Express lattice axioms using implication and universal quantification I'd like to ask for some help with homework. My task is to express lattice axioms in signature $(\leq, =, \sup, \inf)$ using only implication and universal quantification.
Here are these axioms in $(\leq, =)$ signature:


*

*$\forall x (x \leq x)$ - reflexivity

*$\forall x \forall y \forall z (x \leq y \land y \leq z \to x \leq z)$ - transitivity

*$\forall x \forall y (x \leq y \land y \leq x \to x = y)$ - antisymmetry

*$\forall x \forall y \exists z (x \leq z \land y \leq z \land (\forall w (x \leq w \land y \leq w \to z \leq w)))$ - supremum

*$\forall x \forall y \exists z (z \leq x \land z \leq y \land (\forall w (w \leq x \land w \leq y \to w \leq z)))$ - infimum


I believe I've done the first 3 axioms right:


*

*reflexivity is the same

*$\forall x \forall y \forall z ((\sup(x, y) \leq \sup(y, z) \to y \leq z) \to x \leq z)$ - transitivity

*$\forall x \forall y (\sup(x, y) = \inf(x, y) \to x = y)$ - antisymmetry


I've stuck with supremum and infimum.
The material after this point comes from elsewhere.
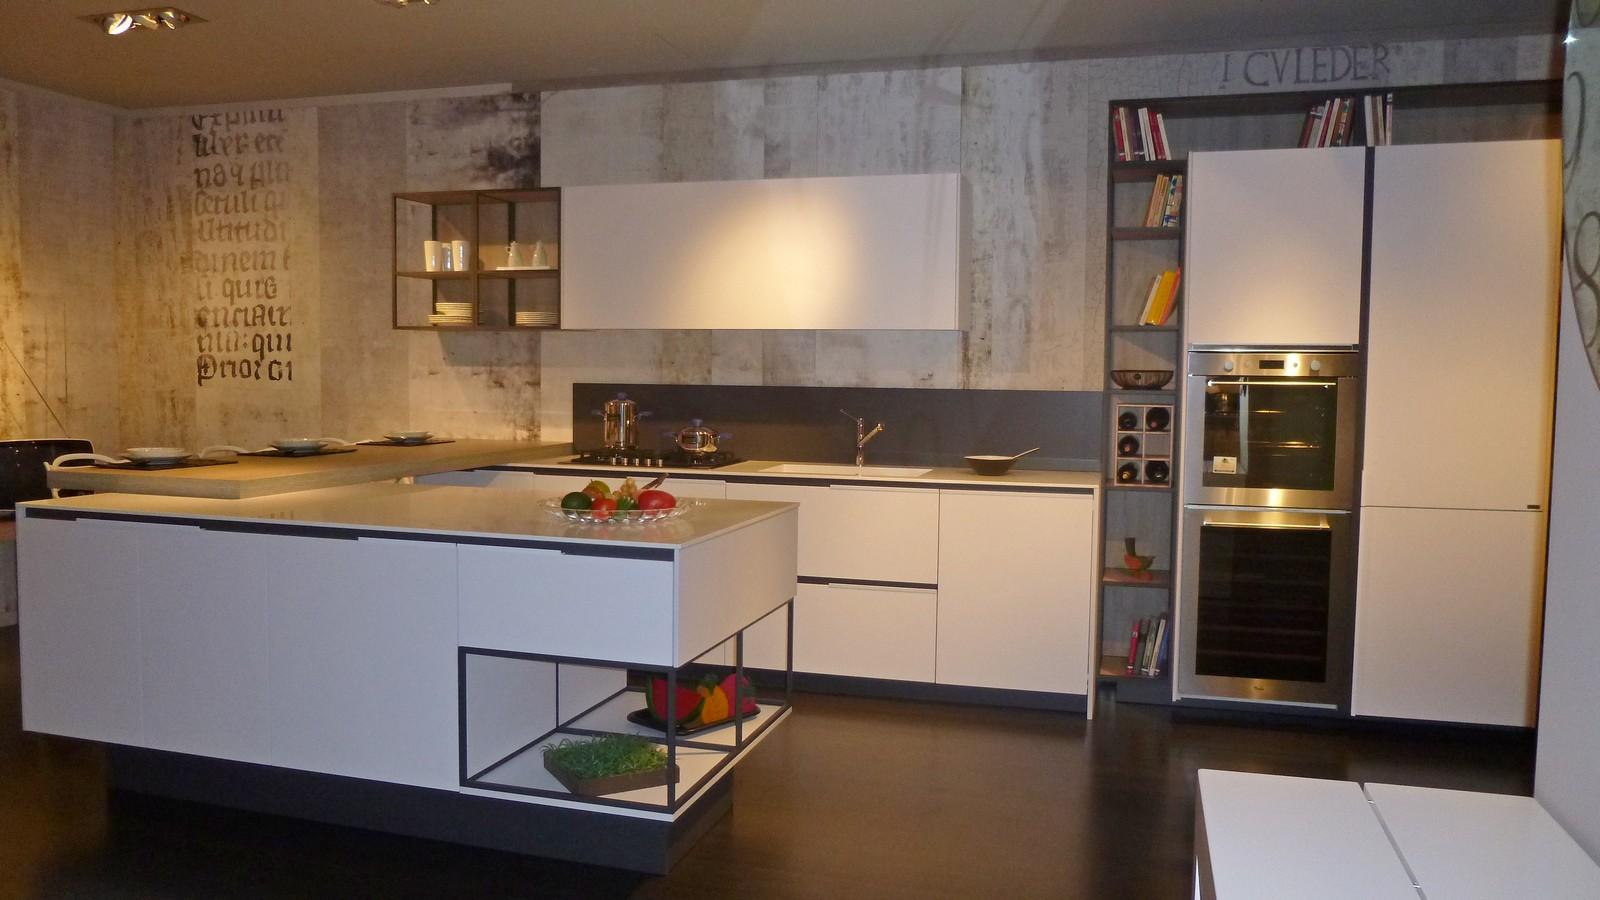 Cucine Moderne Ad Angolo Con Isola. Cucine Gallery Of Cucina Isola ...

I've thought about something like that:


*

*$\forall x \forall y \forall z (\sup(x, y) = z \to \forall w (x \leq w \land y \leq w \to z \leq w))$


But then again I should somehow get rid of conjunction. How can I do it?
Thank you.
 A: It is easy to see that for any three formulas $\phi, \psi$ and $\theta$ the formula $\phi \to \psi \to \theta$ is equivalent to $\phi \land \psi \to \theta$ (where $\phi \to \psi \to \theta$ means $\phi \to (\psi \to \theta)$, i.e. $\to$ associates to the right). 
Using this we can rewrite, for example, antisymmetry as
$$
\forall x \forall y (x \leq y \to y \leq x \to x =y)
$$
and transitivity to
$$
\forall x \forall y \forall z(x \leq y \to y \leq z \to x \leq z)
$$
The supremum axiom would thus be, following your start attempt, written as
$$
\forall x\forall y \forall z(\sup(x,y)=z \to \forall w(x \leq w \to y \leq w \to z \leq w))
$$
but you could simplify this by getting rid of the $z$ in the quantification if $\sup$ is a function symbol, i.e. you could state
$$
\forall x\forall y \forall w(x \leq w \to y \leq w \to \sup(x,y) \leq w))
$$
but note that these to are not enough to characterize suprema on their own, you also need, for instance
$$
\forall x\forall y (x \leq \sup(x,y))
$$
and
$$
\forall x\forall y (y \leq \sup(x,y)).
$$